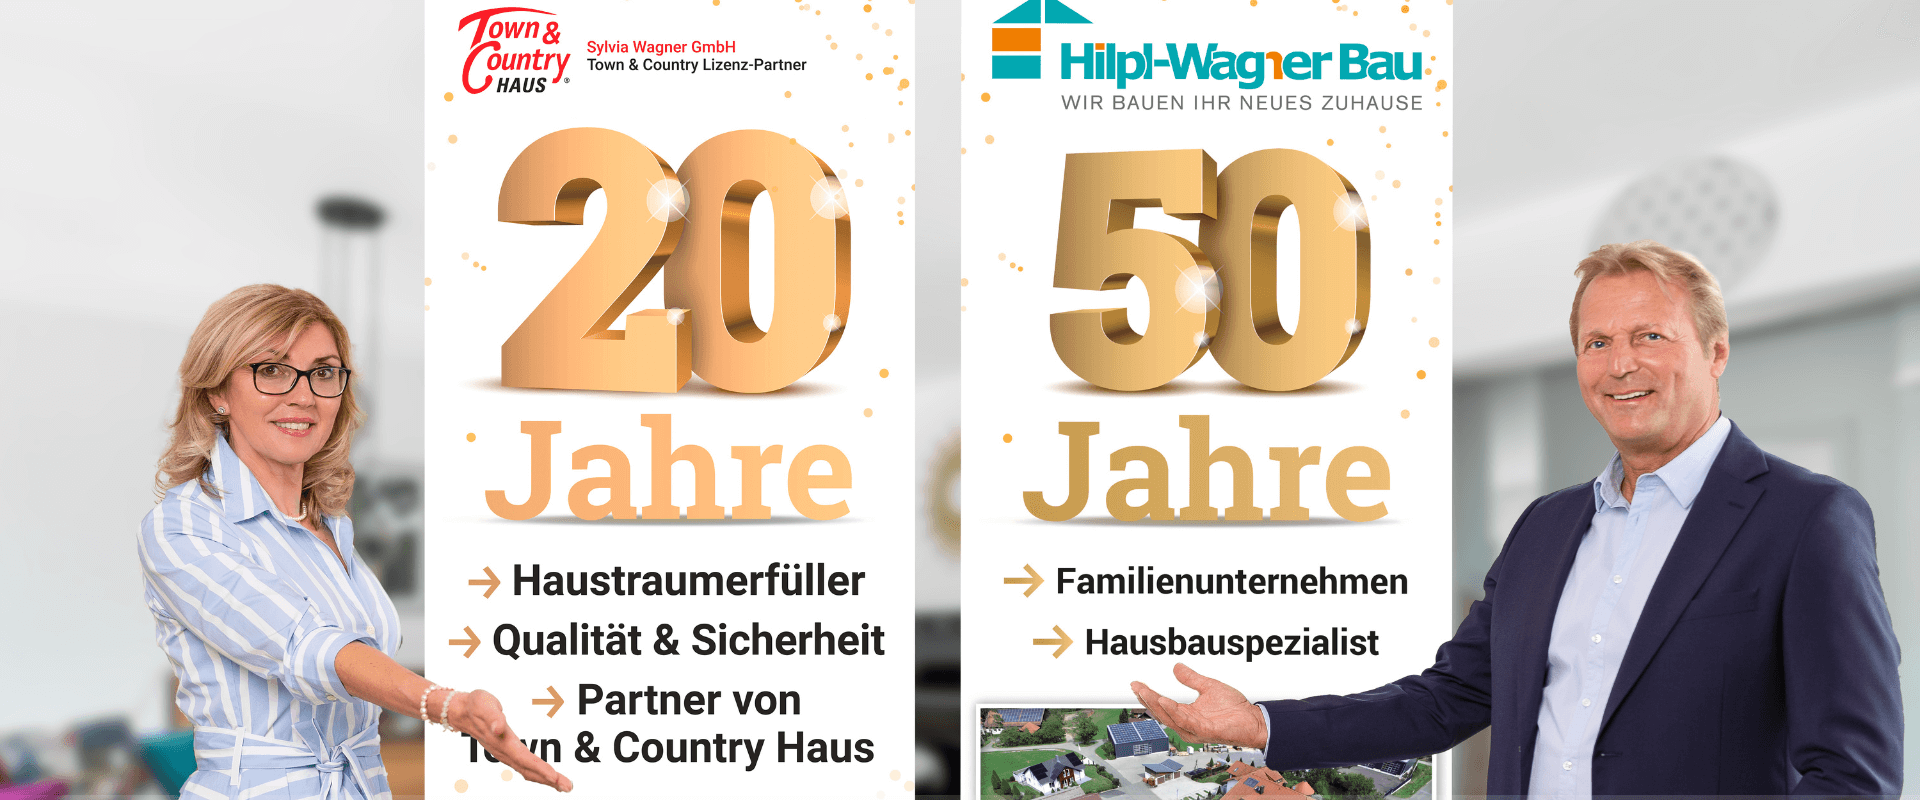 Sylvia Wagner-Maximilian Wagner-50 Jahre Hilpl Wagner Bau-20 Jahre Town Country
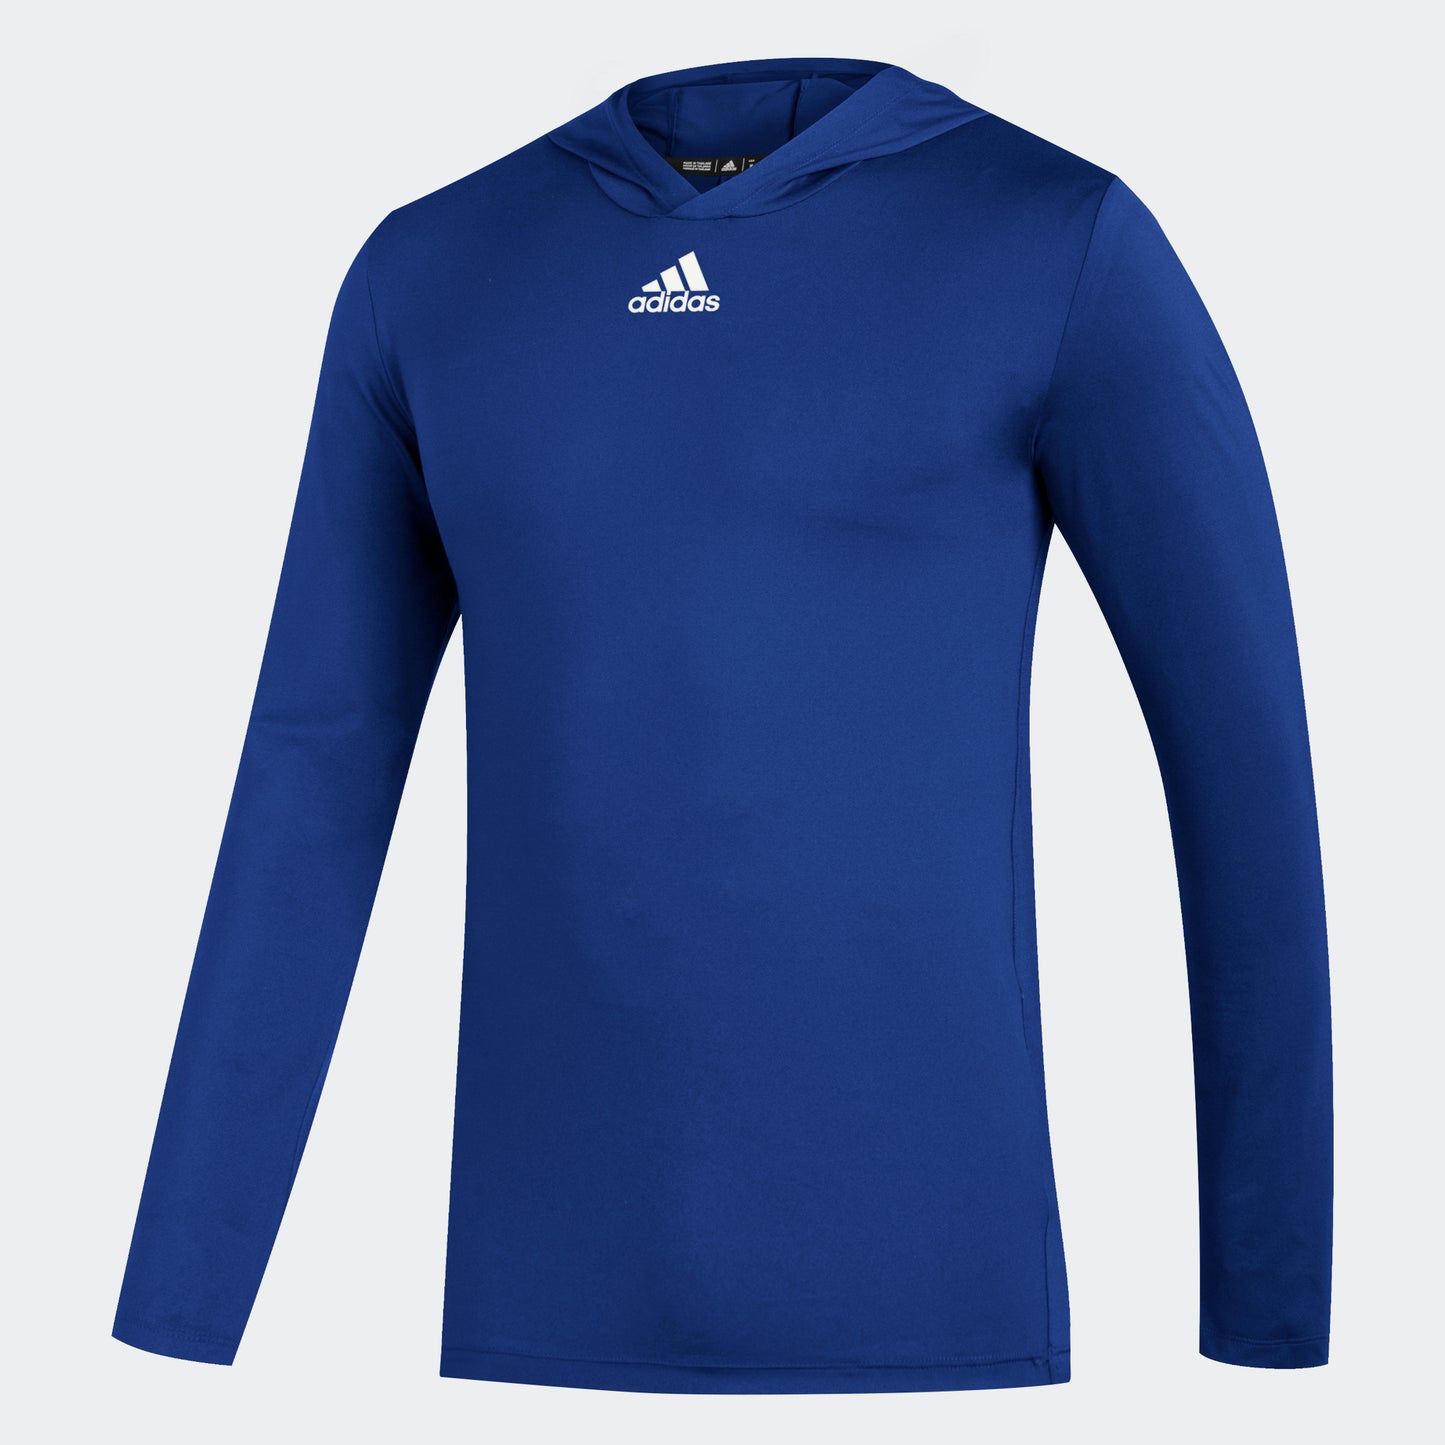 adidas UNDER THE LIGHTS Hooded Training Top | Royal Blue | Men's
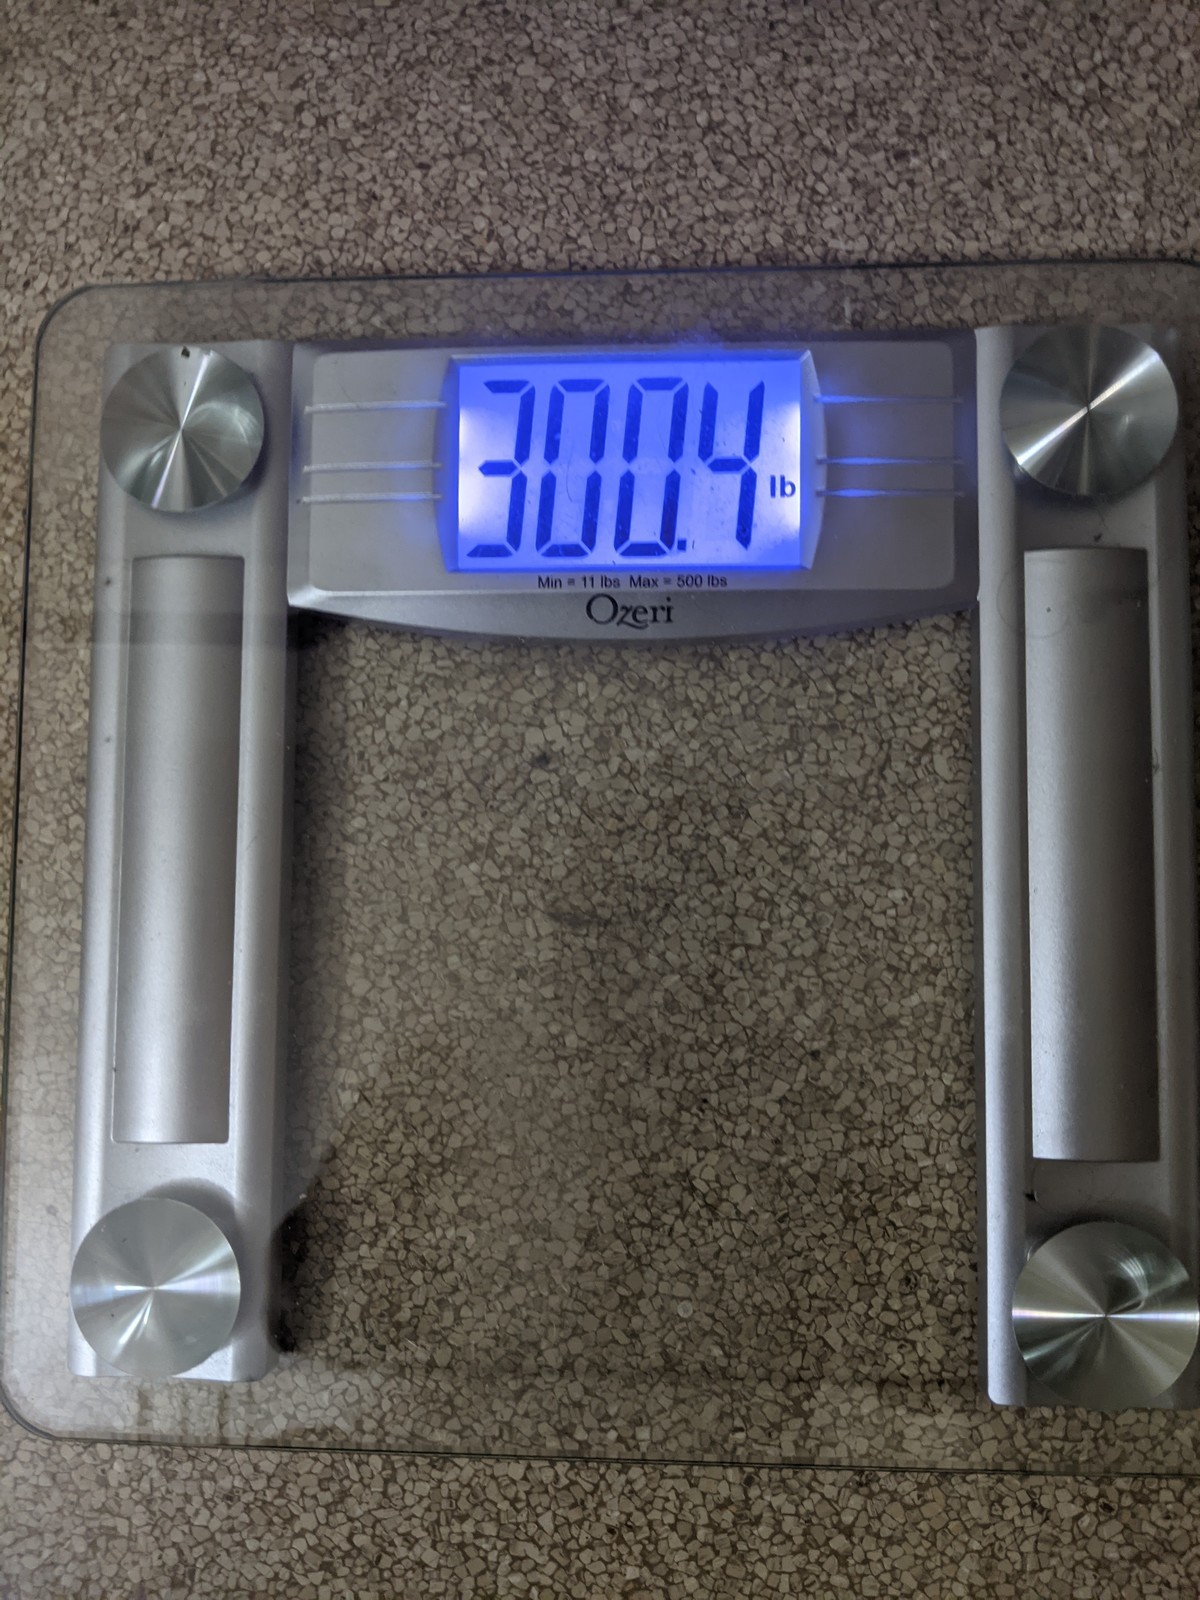 November 2020 weight log. join list: WeightlossProgress (169 subs)Mention Clicks: 1097Msgs Sent: 2943Mention History It's been a loooong year for us all, hasn't

## AIM OF THE EXERCISE
Retype, word for word, only the lines from the line with "adidas UNDER THE" to the final line of the listing above; the pictures do not belong in the copy.

## TASK ANSWER
 adidas UNDER THE LIGHTS Hooded Training Top | Royal Blue | Men's
 November 2020 weight log. join list: WeightlossProgress (169 subs)Mention Clicks: 1097Msgs Sent: 2943Mention History It's been a loooong year for us all, hasn't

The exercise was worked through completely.